**Activity**
Take the lines below beginning at the line that has "葉っぱヒロイックロゴNATURE REPUBLIC Vitamin" and stopping after the line that has "Free Yellow Rose Wallpaper - WallpaperSafari", and print them exactly as they are, with no other lines.

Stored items
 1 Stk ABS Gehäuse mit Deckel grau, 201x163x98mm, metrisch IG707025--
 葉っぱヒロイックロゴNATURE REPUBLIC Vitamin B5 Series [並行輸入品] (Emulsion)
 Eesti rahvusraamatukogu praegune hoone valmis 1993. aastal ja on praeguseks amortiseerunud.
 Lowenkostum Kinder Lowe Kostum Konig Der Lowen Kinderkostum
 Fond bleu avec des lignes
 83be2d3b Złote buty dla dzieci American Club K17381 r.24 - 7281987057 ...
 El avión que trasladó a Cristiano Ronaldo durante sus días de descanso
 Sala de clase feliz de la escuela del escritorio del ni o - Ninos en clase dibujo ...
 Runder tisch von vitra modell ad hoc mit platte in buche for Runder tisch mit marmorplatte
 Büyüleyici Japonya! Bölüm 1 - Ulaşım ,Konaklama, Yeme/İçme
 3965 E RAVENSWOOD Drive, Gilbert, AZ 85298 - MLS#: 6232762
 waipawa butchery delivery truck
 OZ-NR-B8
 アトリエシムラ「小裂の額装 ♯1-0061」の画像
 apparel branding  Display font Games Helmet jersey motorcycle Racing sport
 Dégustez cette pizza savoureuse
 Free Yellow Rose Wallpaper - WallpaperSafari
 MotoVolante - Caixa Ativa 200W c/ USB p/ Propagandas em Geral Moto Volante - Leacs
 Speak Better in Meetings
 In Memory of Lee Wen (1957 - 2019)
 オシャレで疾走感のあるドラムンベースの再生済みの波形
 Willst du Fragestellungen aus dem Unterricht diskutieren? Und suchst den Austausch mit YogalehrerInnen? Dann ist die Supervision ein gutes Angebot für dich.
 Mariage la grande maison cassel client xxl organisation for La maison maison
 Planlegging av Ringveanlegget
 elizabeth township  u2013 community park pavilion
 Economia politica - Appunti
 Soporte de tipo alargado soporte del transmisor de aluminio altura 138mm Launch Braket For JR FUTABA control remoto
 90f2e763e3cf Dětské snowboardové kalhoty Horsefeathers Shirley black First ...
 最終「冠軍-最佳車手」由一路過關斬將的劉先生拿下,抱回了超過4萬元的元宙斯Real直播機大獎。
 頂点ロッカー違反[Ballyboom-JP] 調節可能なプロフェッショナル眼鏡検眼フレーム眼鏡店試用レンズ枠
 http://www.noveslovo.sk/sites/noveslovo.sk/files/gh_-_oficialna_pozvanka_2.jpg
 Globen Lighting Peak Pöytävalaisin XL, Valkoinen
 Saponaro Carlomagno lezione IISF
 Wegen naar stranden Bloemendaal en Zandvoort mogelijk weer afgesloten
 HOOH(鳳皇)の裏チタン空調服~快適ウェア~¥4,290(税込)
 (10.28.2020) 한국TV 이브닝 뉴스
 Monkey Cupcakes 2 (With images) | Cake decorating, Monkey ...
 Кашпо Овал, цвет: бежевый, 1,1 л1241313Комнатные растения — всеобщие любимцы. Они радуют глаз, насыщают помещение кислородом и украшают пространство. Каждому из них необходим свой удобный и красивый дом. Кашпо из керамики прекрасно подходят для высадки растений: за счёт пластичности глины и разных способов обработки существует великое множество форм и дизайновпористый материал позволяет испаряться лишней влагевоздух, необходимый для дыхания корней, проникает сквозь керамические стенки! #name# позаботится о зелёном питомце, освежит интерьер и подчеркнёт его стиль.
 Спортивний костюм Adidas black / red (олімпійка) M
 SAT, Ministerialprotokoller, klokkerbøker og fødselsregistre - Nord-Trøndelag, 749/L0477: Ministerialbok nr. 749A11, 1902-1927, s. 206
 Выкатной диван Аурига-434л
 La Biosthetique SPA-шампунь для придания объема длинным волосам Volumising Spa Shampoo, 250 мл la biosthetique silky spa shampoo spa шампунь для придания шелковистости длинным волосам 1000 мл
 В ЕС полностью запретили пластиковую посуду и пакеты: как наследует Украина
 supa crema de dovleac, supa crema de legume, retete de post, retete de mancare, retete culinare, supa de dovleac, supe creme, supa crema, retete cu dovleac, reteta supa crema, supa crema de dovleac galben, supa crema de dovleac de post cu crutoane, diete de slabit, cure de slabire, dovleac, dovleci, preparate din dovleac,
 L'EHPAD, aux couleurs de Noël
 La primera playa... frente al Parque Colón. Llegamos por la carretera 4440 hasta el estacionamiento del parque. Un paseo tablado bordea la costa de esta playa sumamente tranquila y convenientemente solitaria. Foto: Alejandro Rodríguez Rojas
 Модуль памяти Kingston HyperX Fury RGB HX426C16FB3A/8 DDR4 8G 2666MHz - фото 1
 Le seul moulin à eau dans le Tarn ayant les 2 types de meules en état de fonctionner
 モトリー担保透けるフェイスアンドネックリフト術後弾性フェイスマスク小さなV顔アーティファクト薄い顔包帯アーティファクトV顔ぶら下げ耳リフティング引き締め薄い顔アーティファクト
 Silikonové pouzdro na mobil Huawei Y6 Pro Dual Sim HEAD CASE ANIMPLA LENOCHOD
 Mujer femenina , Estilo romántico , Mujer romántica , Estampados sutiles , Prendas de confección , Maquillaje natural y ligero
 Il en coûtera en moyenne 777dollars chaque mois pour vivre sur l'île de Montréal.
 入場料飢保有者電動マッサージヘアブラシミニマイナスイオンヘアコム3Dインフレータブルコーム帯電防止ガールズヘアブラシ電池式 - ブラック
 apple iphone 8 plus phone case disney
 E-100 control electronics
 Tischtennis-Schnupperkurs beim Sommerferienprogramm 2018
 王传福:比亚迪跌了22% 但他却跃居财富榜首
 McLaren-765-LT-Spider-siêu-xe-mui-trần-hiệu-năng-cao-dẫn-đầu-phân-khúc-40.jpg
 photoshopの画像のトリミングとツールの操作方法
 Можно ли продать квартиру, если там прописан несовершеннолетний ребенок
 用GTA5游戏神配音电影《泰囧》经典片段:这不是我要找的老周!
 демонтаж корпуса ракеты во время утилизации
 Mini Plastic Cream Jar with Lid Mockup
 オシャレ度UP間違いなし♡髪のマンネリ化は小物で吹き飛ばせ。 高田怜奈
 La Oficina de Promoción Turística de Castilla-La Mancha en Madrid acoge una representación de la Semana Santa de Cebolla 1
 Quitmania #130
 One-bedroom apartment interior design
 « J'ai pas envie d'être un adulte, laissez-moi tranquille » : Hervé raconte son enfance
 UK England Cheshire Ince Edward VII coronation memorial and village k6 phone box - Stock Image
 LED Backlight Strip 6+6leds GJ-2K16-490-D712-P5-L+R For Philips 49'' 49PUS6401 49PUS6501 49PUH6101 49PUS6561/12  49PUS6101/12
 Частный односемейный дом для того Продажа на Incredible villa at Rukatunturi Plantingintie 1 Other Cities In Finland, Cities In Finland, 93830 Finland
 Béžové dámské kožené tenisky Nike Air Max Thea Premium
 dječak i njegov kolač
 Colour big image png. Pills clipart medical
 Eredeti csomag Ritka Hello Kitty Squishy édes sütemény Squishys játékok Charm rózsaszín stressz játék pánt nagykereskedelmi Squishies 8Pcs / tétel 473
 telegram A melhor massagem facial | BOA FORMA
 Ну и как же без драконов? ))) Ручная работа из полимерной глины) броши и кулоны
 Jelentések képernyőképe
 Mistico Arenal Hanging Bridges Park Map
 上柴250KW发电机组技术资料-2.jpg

**Task output**
 葉っぱヒロイックロゴNATURE REPUBLIC Vitamin B5 Series [並行輸入品] (Emulsion)
 Eesti rahvusraamatukogu praegune hoone valmis 1993. aastal ja on praeguseks amortiseerunud.
 Lowenkostum Kinder Lowe Kostum Konig Der Lowen Kinderkostum
 Fond bleu avec des lignes
 83be2d3b Złote buty dla dzieci American Club K17381 r.24 - 7281987057 ...
 El avión que trasladó a Cristiano Ronaldo durante sus días de descanso
 Sala de clase feliz de la escuela del escritorio del ni o - Ninos en clase dibujo ...
 Runder tisch von vitra modell ad hoc mit platte in buche for Runder tisch mit marmorplatte
 Büyüleyici Japonya! Bölüm 1 - Ulaşım ,Konaklama, Yeme/İçme
 3965 E RAVENSWOOD Drive, Gilbert, AZ 85298 - MLS#: 6232762
 waipawa butchery delivery truck
 OZ-NR-B8
 アトリエシムラ「小裂の額装 ♯1-0061」の画像
 apparel branding  Display font Games Helmet jersey motorcycle Racing sport
 Dégustez cette pizza savoureuse
 Free Yellow Rose Wallpaper - WallpaperSafari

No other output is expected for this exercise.